## [What to do]
Below is a block of entries; repeat exactly the lines starting at the line that contains "An antique Victorian" and ending at the line that contains "Measures: 11.5", both included.

## [The input]

-- Opening Marker --

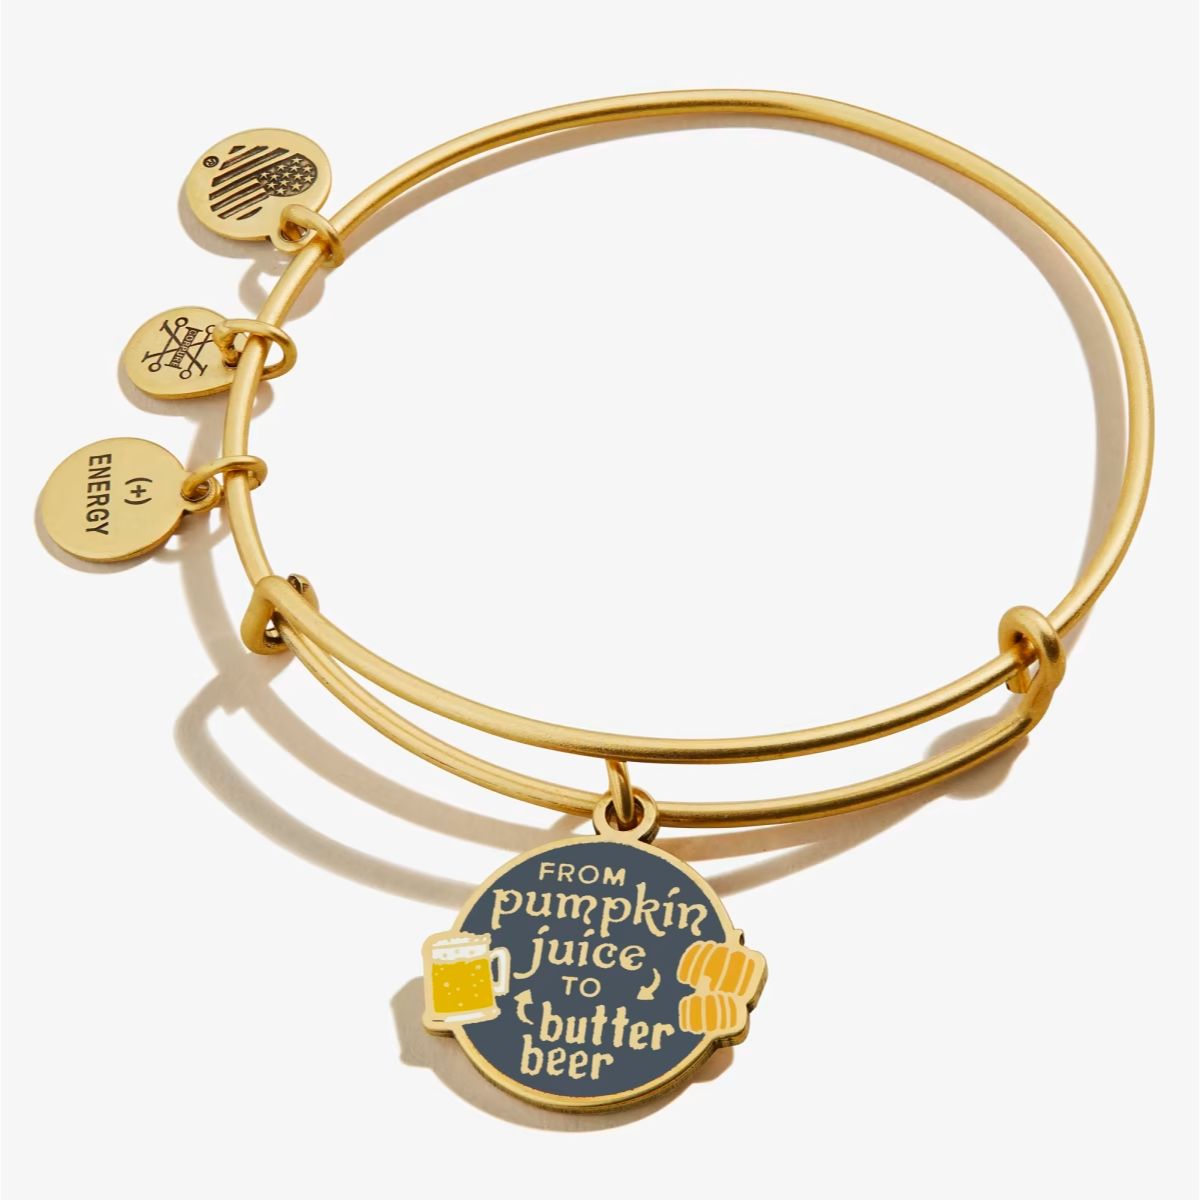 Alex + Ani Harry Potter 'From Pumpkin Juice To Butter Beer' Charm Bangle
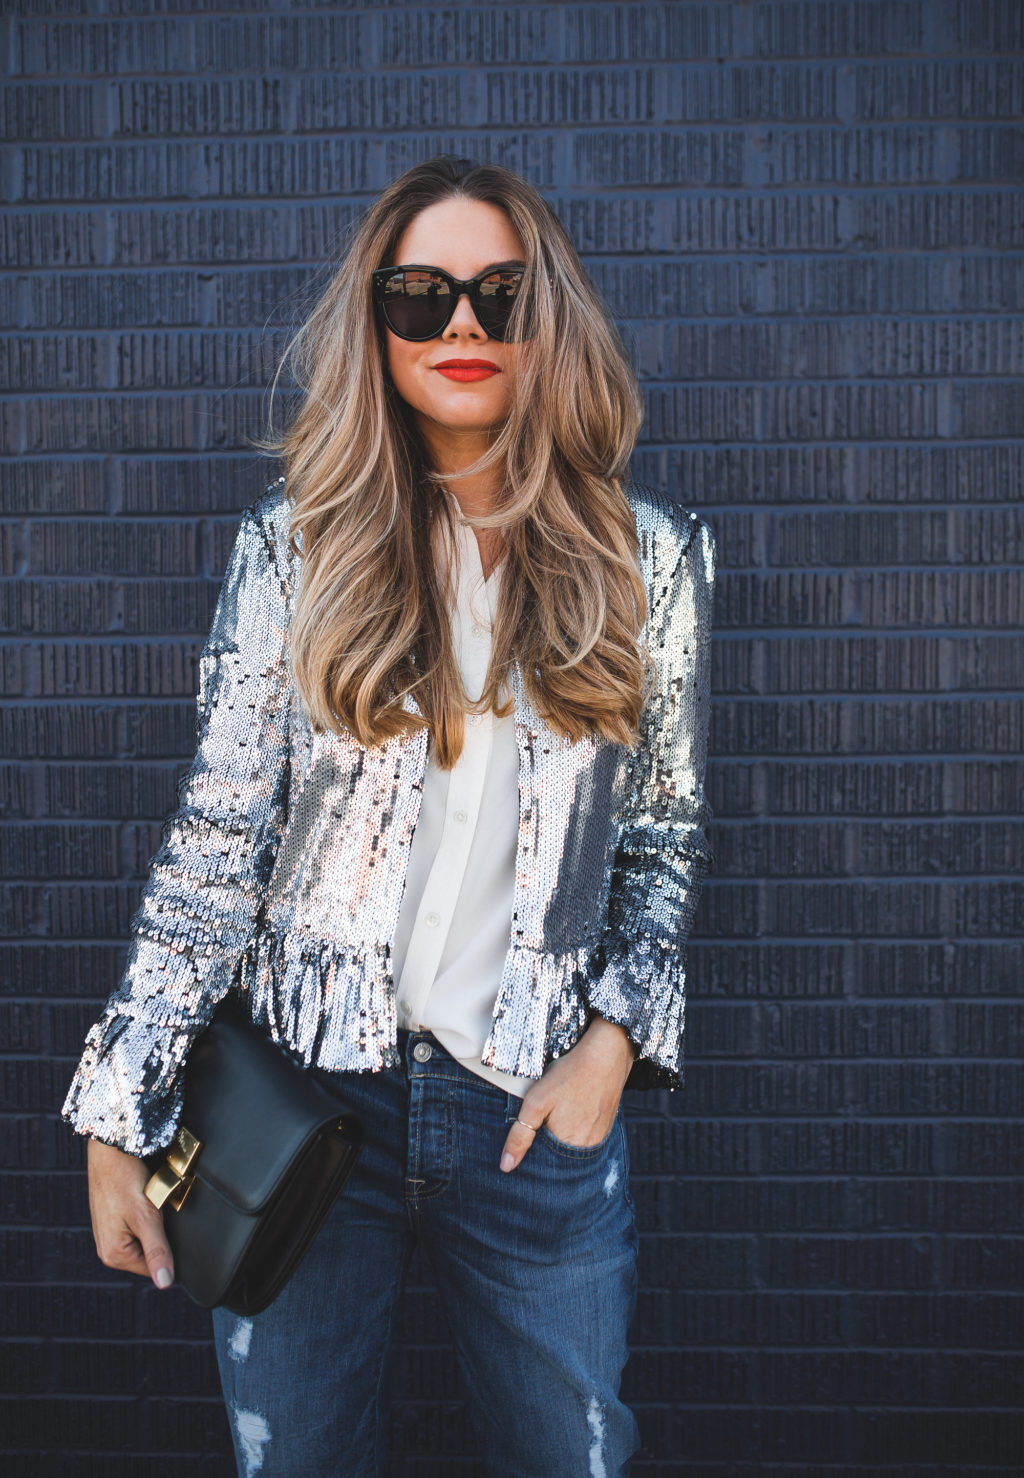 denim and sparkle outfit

-- Closing Marker --
-- Opening Marker --

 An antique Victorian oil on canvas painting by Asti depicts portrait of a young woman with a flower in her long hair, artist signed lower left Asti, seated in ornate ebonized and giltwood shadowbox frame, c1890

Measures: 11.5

-- Closing Marker --
-- Opening Marker --

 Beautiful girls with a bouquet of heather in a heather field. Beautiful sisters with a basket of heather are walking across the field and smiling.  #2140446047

-- Closing Marker --

## [Answer to this exercise]
 An antique Victorian oil on canvas painting by Asti depicts portrait of a young woman with a flower in her long hair, artist signed lower left Asti, seated in ornate ebonized and giltwood shadowbox frame, c1890

Measures: 11.5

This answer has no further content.